By David Fickling
(Bloomberg Opinion) — There’s a well-thumbed playbook for how deals involving gold mines in the remote jungles of Indonesia are meant to turn out.
The game plan isn’t so different to the plot of the recent Matthew McConaughey film “Gold” – a promise of great wealth turning to ruin with the protagonists ending up brawling in the mud surrounded by fraud, violence and shady political involvement.
For several years, Freeport-McMoRan Inc.’s tussle with Jakarta over the world’s biggest gold deposit and third-biggest copper reserve at Grasberg in the New Guinea highlands has seemed to be headed in a similarly disastrous direction.
Indonesia’s government has been determined to convert its 9.36 percent stake into majority control, and has used every regulatory trick under the sun to threaten Freeport’s business and bring it to the table at a discount price – from export controls and mining contracts to last-minute environmental reviews.
This wrangle looks to be finally approaching an endgame. Rio Tinto Group is ready to accept a $3.5 billion deal that would transfer its 40 percent interest in the mine to state-owned PT Indonesia Asahan Aluminium, or Inalum, people with knowledge of the discussions told David Stringer and Danielle Bochove of Bloomberg News. Combined with the government’s existing stake and a relatively minor shift in Freeport’s holding, that should be enough to get Jakarta to the 51 percent it wants.
From one perspective, this outcome for Phoenix-based Freeport may not be that much better than for McConaughey’s fictional Reno-based company. It will be losing control of the mine – as well as several years of cash flow – in return for what’s likely to be little more than a peppercorn payment. Looked at in the long term, though, it may be a result that pleases every party.
To understand why, look at Grasberg’s shareholder structure. Freeport controls 90.64 percent of the equity, and the Indonesian government the remainder.
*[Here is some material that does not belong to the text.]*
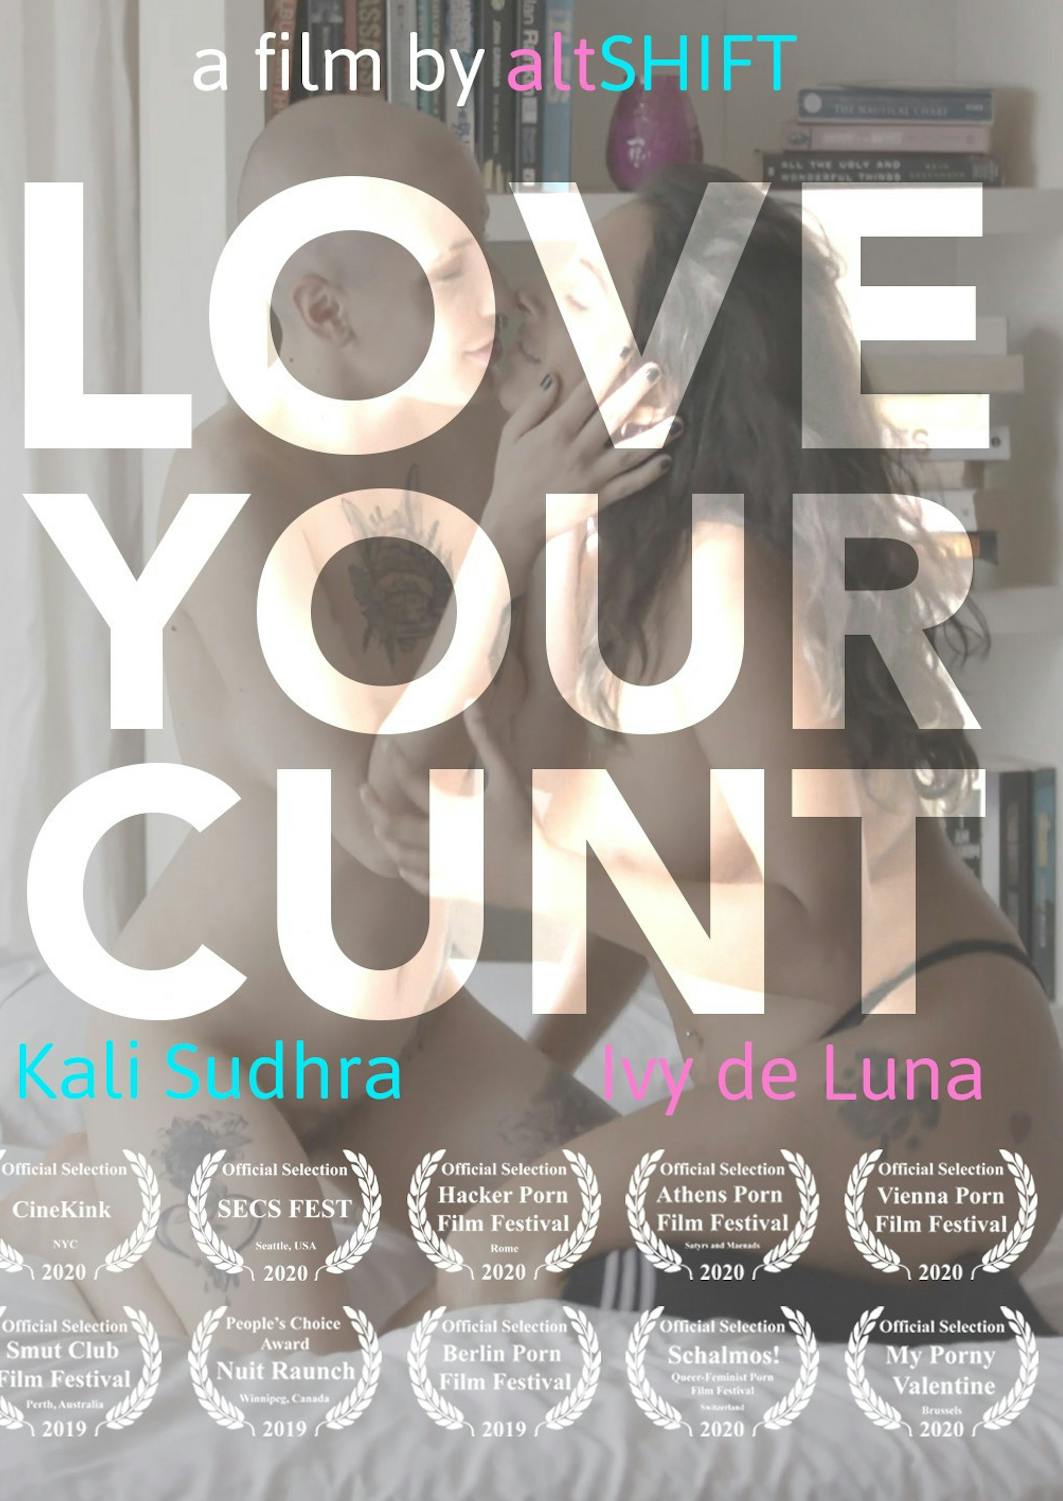 Love Your Cunt

Rio Tinto’s stake is not in Grasberg itself, but in the project that will expand the underground mines into an operation producing about a billion pounds of copper and a million ounces of gold a year.
In practice, Rio Tinto tends to get almost nothing except for a share of capital expenditure – but if output goes over certain levels, it’s entitled to 40 percent of that – and after about 2023 it gets 40 percent regardless of any hurdle levels.
Rio Tinto has made no secret that it’s not wedded to this stake. Chief Executive Officer Jean-Sebastien Jacques has frequently acknowledged that Grasberg is a world-class deposit but not necessarily a world-class business (the former is defined by geology; the latter, by the political and economic risk involved in getting the metal out of the ground).
Having sold out of coal and with hopes to put its run of African scandals behind it, Rio Tinto is busy making itself over (not entirely convincingly) as the ESG play in the mining industry. Converting a politically risky asset targeted by environmental groups and independence fighters into $3.5 billion of cash to shower over Rio’s grateful shareholders seems like a no-brainer.
For Indonesia’s President Joko Widodo, the deal also makes sense. With provincial and presidential elections looming, he’ll have won symbolic control of a prized national asset at a price that looks much closer to the $8 billion equity value Jakarta has been putting out than the higher figures promulgated by Freeport.
What, though, of Freeport? The tiny sum it’s likely to receive for its sliver of equity next to the $3.5 billion going to Rio Tinto feels like a slap in the face, and might undermine the 13 percent run-up in its share price so far this month.
Look further out, though. Grasberg is still one of the world’s most magnificent mineral deposits, producing copper at negative cost as a result of revenues from the gold by-product alongside it.
Mining assets are valued in terms of discounted cash flows, and Grasberg’s current license runs until 2041. In the long term, Freeport retains operational control, and the difference between the 50.64 percent share of cash flows it would have received had it been able to hold its ground and the 49 percent share it will now get looks like a rounding error.
The value of globally unique deposits like this should be measured in decades, not years. By appearing to give way, Freeport has carried out the jujitsu move of finding strength in apparent weakness. A small sacrifice now over equity valuation will pay handsome dividends far into the future.